The PyPI loader visits and loads a PyPI project [1].

Each visit will result in:

  • 1 snapshot (which targets n revisions ; 1 per release artifact)
  • 1 revision (which targets 1 directory ; the release artifact uncompressed)

[1] https://pypi.org/help/#packages

First visit

Given a PyPI project (origin), the loader, for the first visit:

  • retrieves information for the given project (including releases)
  • then for each associated release
  • for each associated source distribution (type 'sdist') release artifact (possibly many per release)
  • retrieves the associated artifact archive (with checks)
  • uncompresses locally the archive
  • computes the hashes of the uncompressed directory
  • then creates a revision (using PKG-INFO metadata file) targeting such directory
  • finally, creates a snapshot targeting all seen revisions (uncompressed PyPI artifact and metadata).

Next visit

The loader starts by checking if something changed since the last visit. If nothing changed, the visit's snapshot is left unchanged. The new visit targets the same snapshot.

If something changed, the already seen release artifacts are skipped. Only the new ones are loaded. In the end, the loader creates a new snapshot based on the previous one. Thus, the new snapshot targets both the old and new PyPI release artifacts.

Terminology

  • 1 project: a PyPI project (used as swh origin). This is a collection of releases.

  • 1 release: a specific version of the (PyPi) project. It's a collection of information and associated source release artifacts (type 'sdist')

  • 1 release artifact: a source release artifact (distributed by a PyPI maintainer).
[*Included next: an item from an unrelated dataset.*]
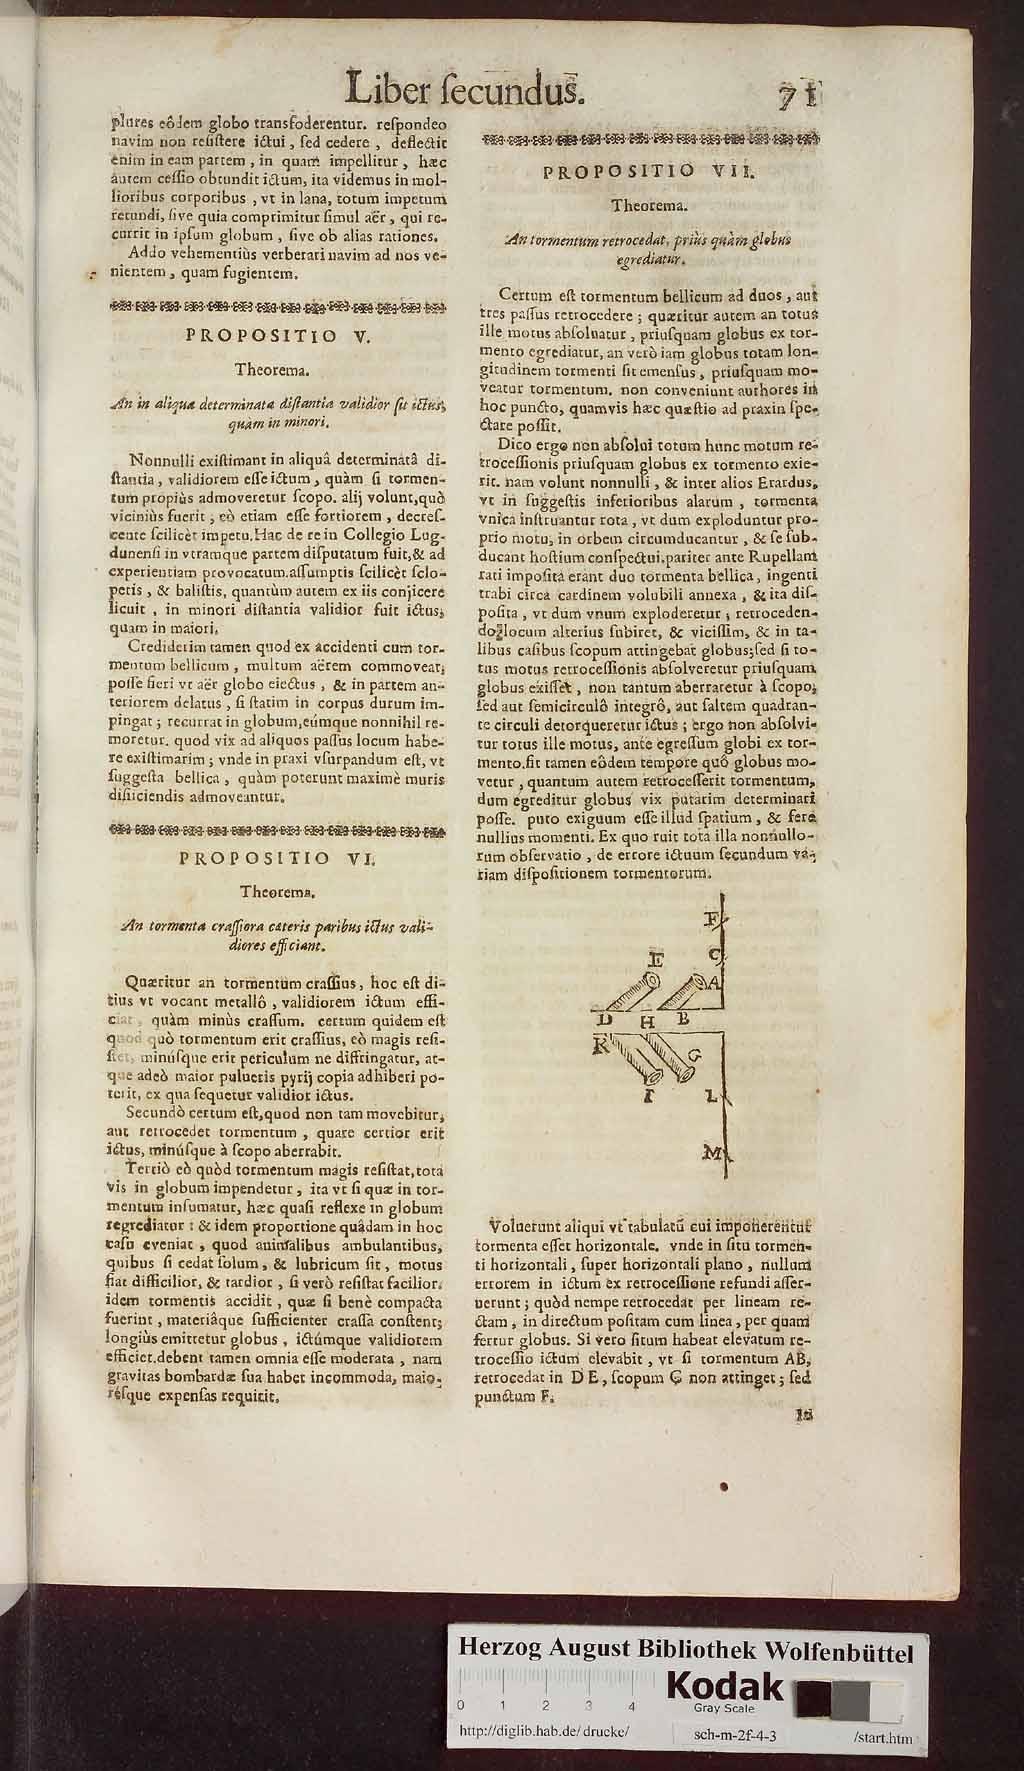 http://diglib.hab.de/drucke/sch-m-2f-4-3/00111.jpg

In swh, we are specifically interested by the 'sdist' type (source code).

Edge cases

  • If no release provides release artifacts, those are skipped

  • If a release artifact holds no PKG-INFO file (root at the archive), the release artifact is skipped.
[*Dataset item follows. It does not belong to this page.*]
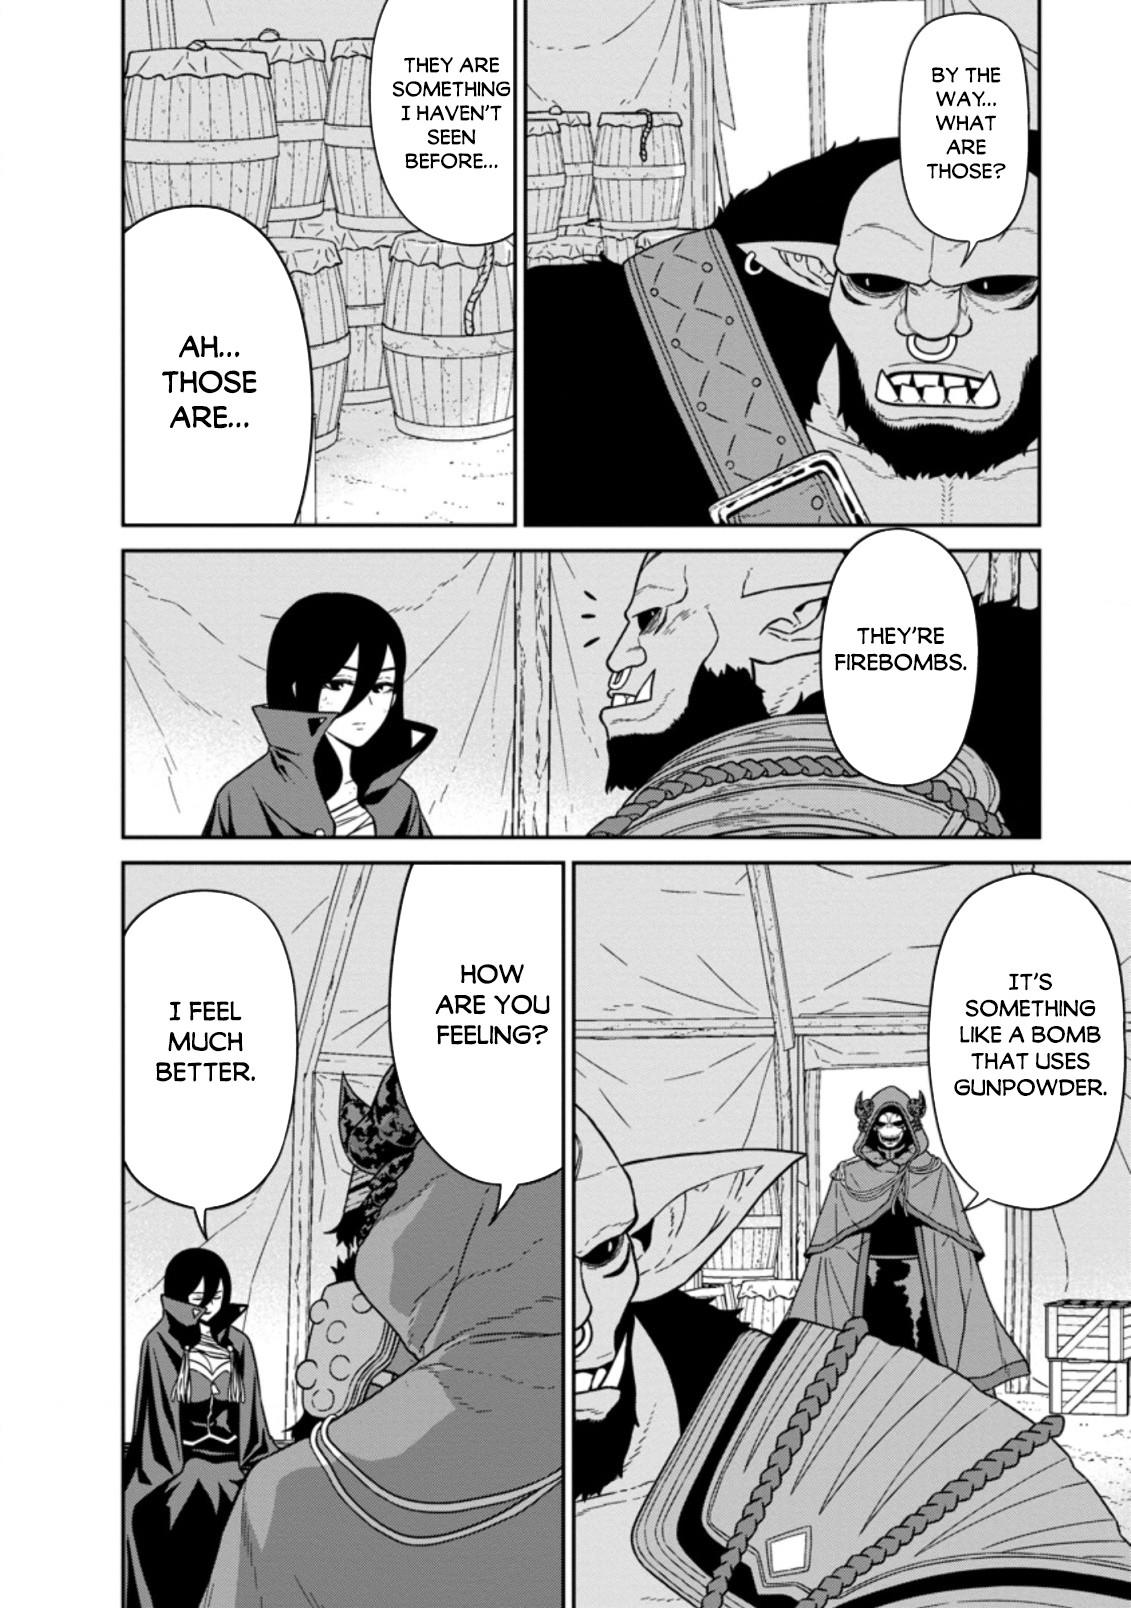 Maou Gun Saikyou No Majutsushi Wa Ningen Datta Chapter 19.1 page 7 - Mangakakalots.com

  • If a problem occurs during a fetch action (e.g. release artifact download), the load fails and the visit is marked as 'partial'.

Development

Configuration file

Location

Either:

  • /etc/softwareheritage/
  • ~/.config/swh/
  • ~/.swh/

Note: Will call that location $SWH_CONFIG_PATH

Configuration sample

$SWH_CONFIG_PATH/loader/pypi.yml:

storage:
  cls: remote
  args:
    url: http://localhost:5002/

Local run

The built-in command-line will run the loader for a project in the main PyPI archive.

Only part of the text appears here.